Avec près de 300 millions d’utilisateurs réguliers, Twitter est devenu une caisse de résonance majeure aux idées de tout citoyen qui le souhaite. S’y côtoient le bon et l’exécrable, mêlés au gré des impulsions de rédacteurs anonymes ou non.

Une liberté à haut risque

Les récents procès concernant les abus dans le contenu des messages émis sur ce réseau illustrent le caractère incontrôlable de l’exercice de la liberté. Les débats ouverts ont trait avant tout à la modération, par exemple à l’occasion de la présidence de Donald Trump ou lorsque des États entendent censurer des messages homophobes ou racistes. Au sein même des Églises, le réseau est employé avec bonheur pour faire connaître des positions ou des rencontres paroissiales, mais nombre de pasteurs accompagnent des jeunes pris dans un flot de messages discriminants ou accusateurs. Faut-il alors que les Églises prennent directement part à la lutte pour le respect d’autrui en intervenant massivement sur les réseaux sociaux ? On sait la nature dangereuse de la liberté d’expression quand elle permet de détruire en un message rageur ce qu’on ne peut reconstruire qu’en dix.

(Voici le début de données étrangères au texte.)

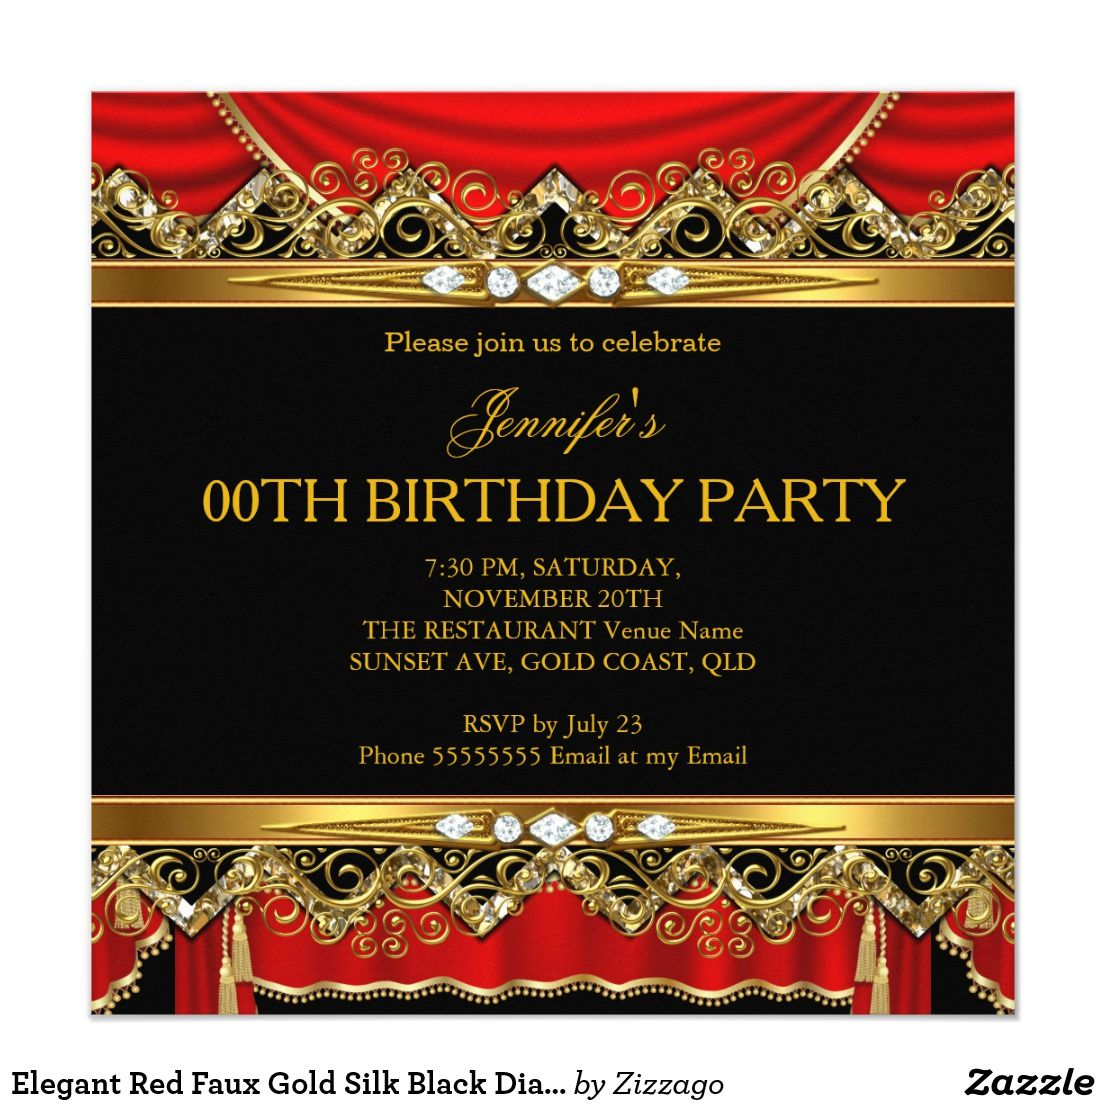 Elegant Red Faux Gold Silk Black Diamond Invite   Zazzle.com   Diamond  invitations, Girl birthday party invitations, Elegant invitations
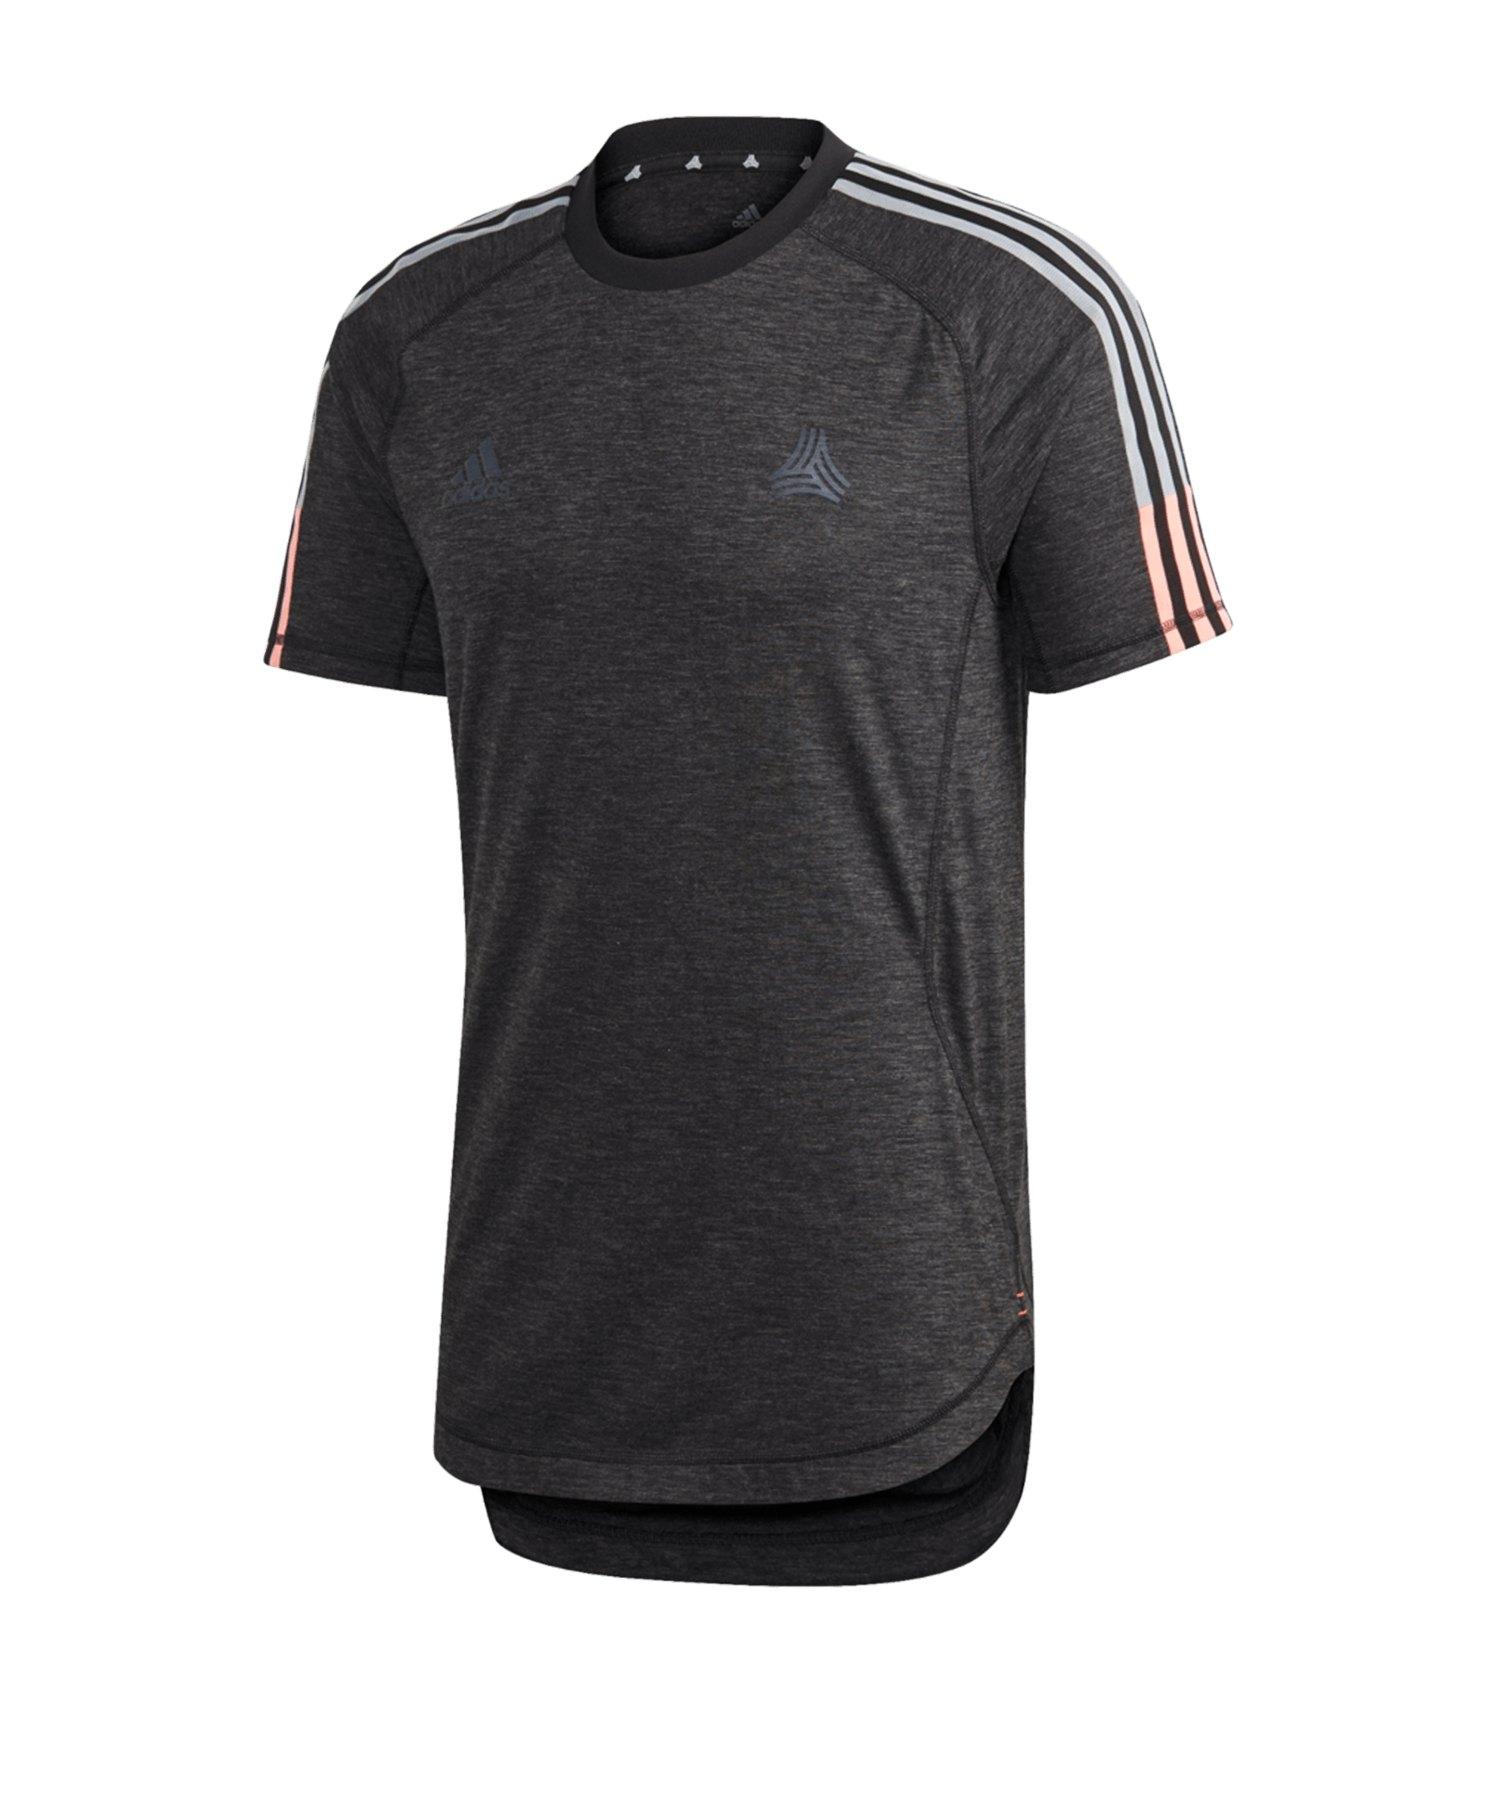 adidas Tango Tec T-Shirt Schwarz - schwarz

Risquer de se prendre pour Dieu

En rachetant Twitter, Elon Musk devient l’icône d’une évolution du monde et entraîne avec lui une partie de la société. Dans une civilisation où la richesse financière n’a plus de limite, tout peut aujourd’hui s’acheter, y compris des idées immatérielles. Au point qu’un homme puisse acquérir seul un lieu de liberté universelle et donner à chaque être humain sur le globe la capacité d’intervenir dans le monde entier. Elon Musk est peut-être le premier homme à offrir et garantir au monde le libre exercice d’une valeur humaine universelle : la liberté d’expression. Ceux qui pensent qu’une valeur ne s’achète pas diront qu’il est le premier à la monétiser. Mais le fait même qu’un être humain puisse à lui seul influer sur une valeur universelle, ou qu’un quelconque militant puisse acquérir par des tweets un espace d’expression quasiment infini les rapprochent de Dieu… ou de la tour de Babel.

L’anonymat et l’intimité de la foi

Se sentant invulnérables par leur anonymat et la facilité de changer d’identité, de nombreux internautes débrident leur conscience pour se moquer, injurier, menacer. Par ailleurs, les progrès technologiques permettent de recevoir le flot d’informations ou de réactions directement sur un smartphone à toute heure. L’information entre ainsi dans la sphère de l’intime et jusque dans la sphère spirituelle lorsque des interventions malveillantes irriguent des réunions paroissiales non sécurisées. Cela n’est bien sûr pas propre à Twitter. Mais la volonté de son propriétaire d’enlever toute modération à cet outil de partage risque de menacer directement l’intimité des personnes. Le mal engendrant le mal par mimétisme ou parce que les sujets les plus négatifs deviennent souvent viraux, la bienveillance est menacée. Au point que des réseaux sociaux se créent aujourd’hui comme Altruwe, partant du constat que l’altruisme est une valeur positive commune à tout lien profond entre les personnes. Car l’un des enjeux de ce monde moderne est la notion de lien, la capacité des réseaux à relier les personnes, comme c’est d’ailleurs la définition du terme Religion (religere).

Les Églises auront une mission essentielle d’éducation, de prise de distance, de décryptage de ce qui se joue et de rappel de la réalité des vies qui sont derrière les messages et les réactions. Cette éducation de chacun à la relation, qui est de nature éminemment spirituelle, est plus que jamais nécessaire.